4-22-56    8:15 a.m.

 

 

The subject of the message this morning is The Jews, the chosen people of God, Israel.  Of what shall happen to the other nations of the world, no man can predict; it is not revealed, but what shall happen to the Jewish people can be read easily and plainly on the sacred page of the sacred Word.  For remember out of the passage that we read just now for our unison Scripture, Luke 21:32, "Verily I say unto you, This genus, this kind, this species, this race, this generation, the Jew shall not pass away, till all be fulfilled."  He will be here clear until the end, which is one of the most astounding of all of the prophecies in the Bible, and which is one of the most phenomenal developments in all the history of the human race.  The Jewish people are somewhat like four thousand years old; and they are still distinct and separate and apart, and have been, though they have been oppressed, and decimated, and persecuted, and carried into captivity and scattered all over the earth.  Like the Gulf Stream is separate and apart as it goes its way through the vast expanse of the ocean, so the Jewish nation, having their own law and their own habits and their own distinct customs, remain separate and unassimilated among all the families and nations of the world.
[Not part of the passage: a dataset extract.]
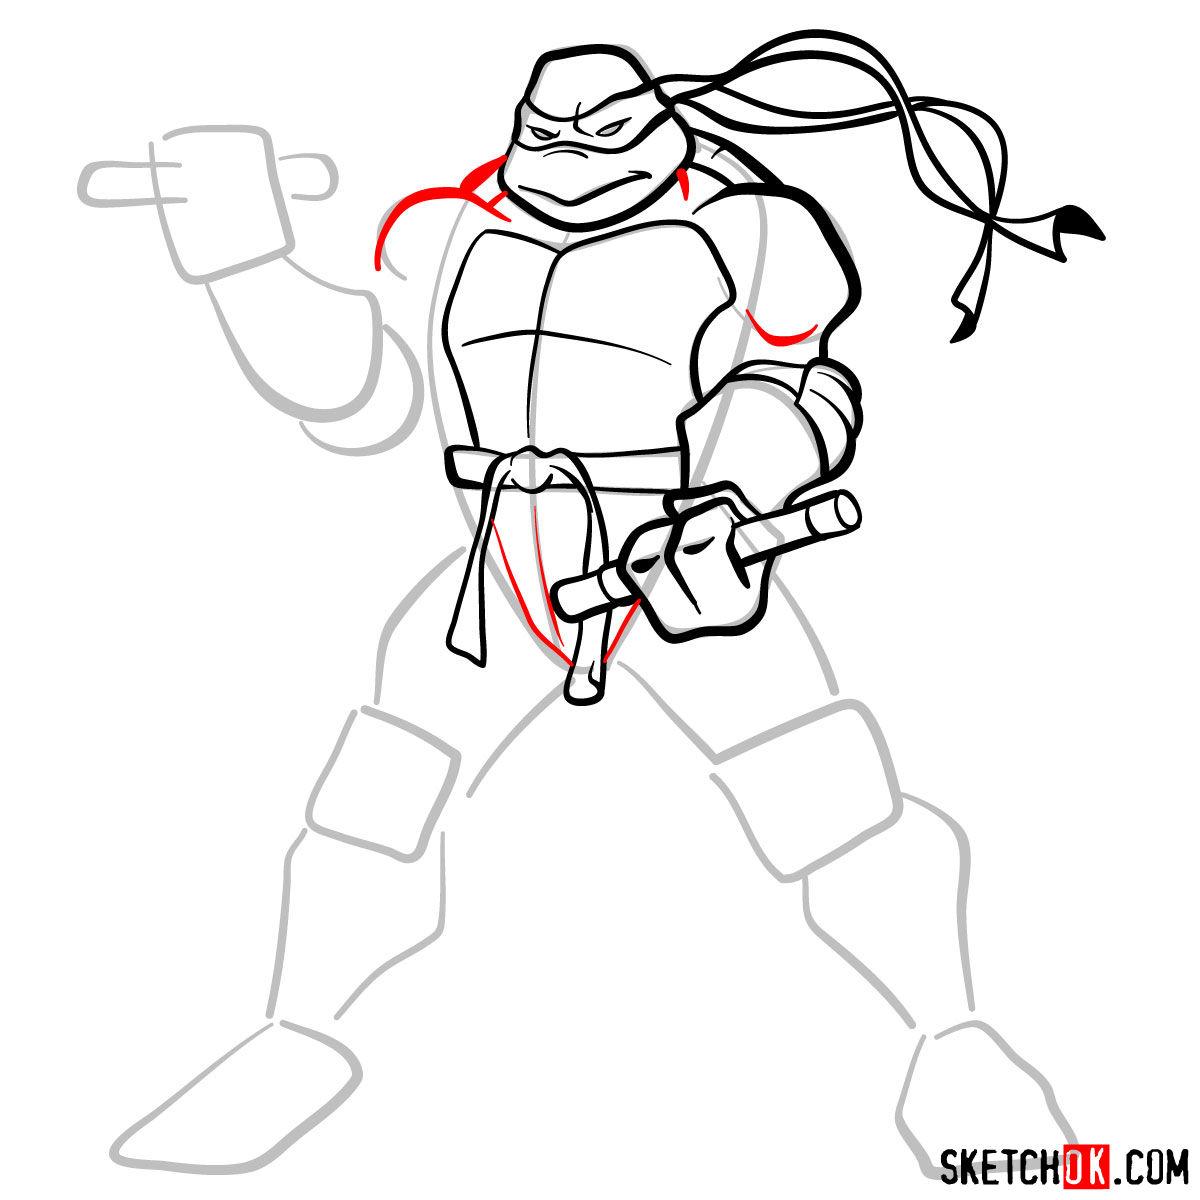 How to draw Michaelangelo ninja turtle - step 08
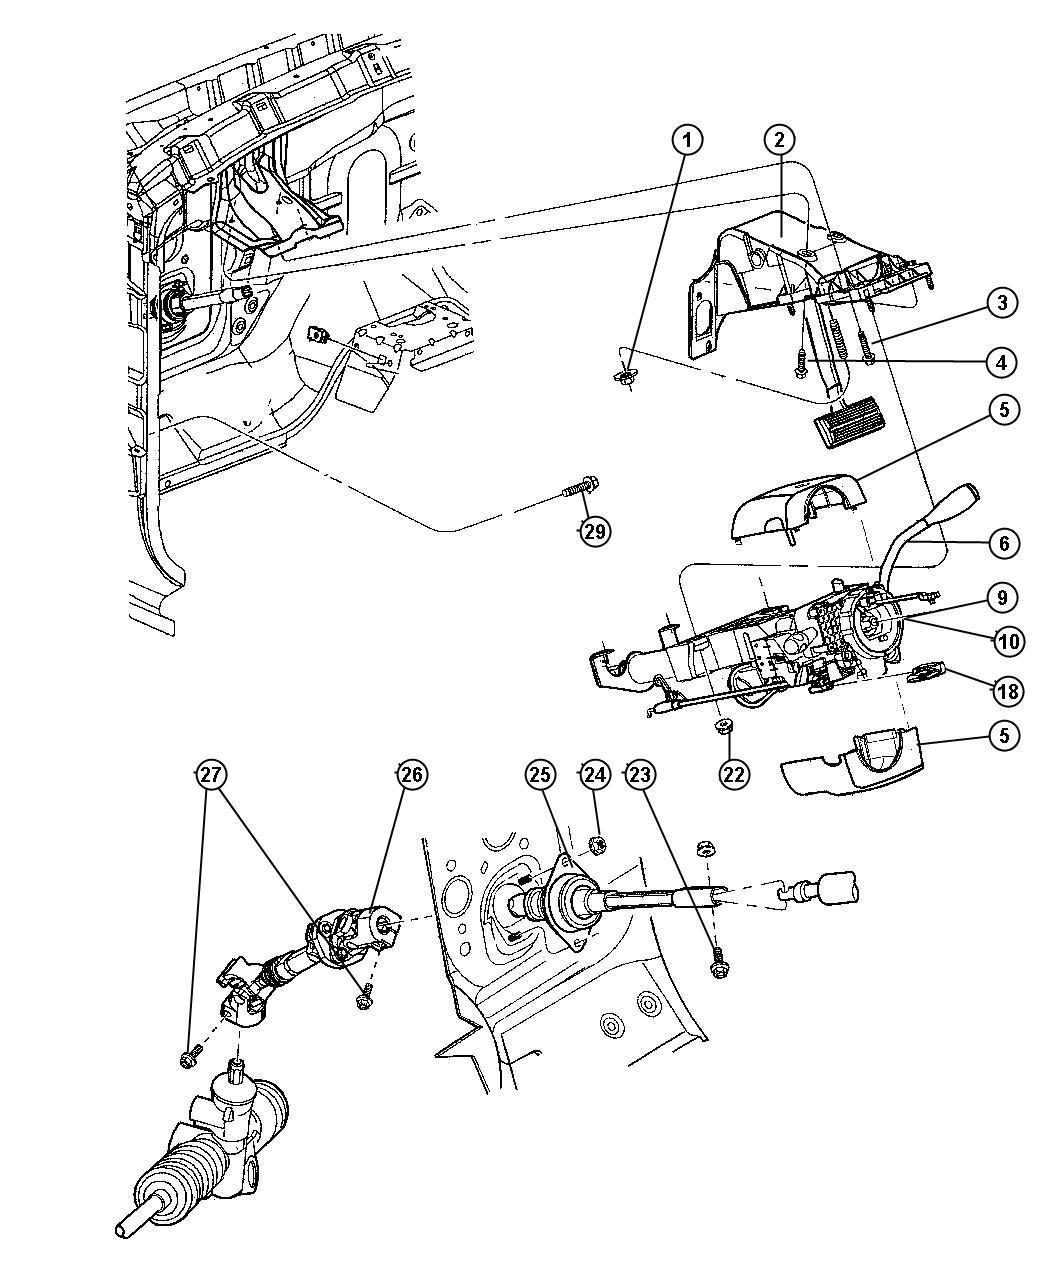 Dodge Dakota Bracket Steering Column Used For Clutch

Hundreds and hundreds of years before the halcyon days of Greece, of Rome, were the golden days of Israel.  Hundreds and hundreds of years before Herodotus wrote history, the first historian, this people had a literature.  Long before most nations even had letters, the Jewish people had a wonderfully inspiring and God-breathed literature.  They have produced the greatest men of all the ages and of all time.  Abraham, Samuel, David, Isaiah, Jeremiah, the Lord Jesus Christ, Paul; so many of the names by which we name our children, our boys and our girls, are taken from the names of the Holy Scriptures.  Their contribution to the world has been incomparably great and blessed.  No nation has ever become monotheistic that has not been taught and touched by the Jewish people.  The institution of the synagogue, of the church, is a gift of the Jewish people.  Our week of seven days and one day for rest and worship is a gift of the Jewish people.  And the Scriptures that I hold in my hand, this Bible, this Bible is a gift of the Jewish people; both the Old Testament and the New.  And our Savior is a gift of God’s chosen people; as Jesus Himself said to the woman of Samaria, "Salvation is of the Jews" [John 4:22].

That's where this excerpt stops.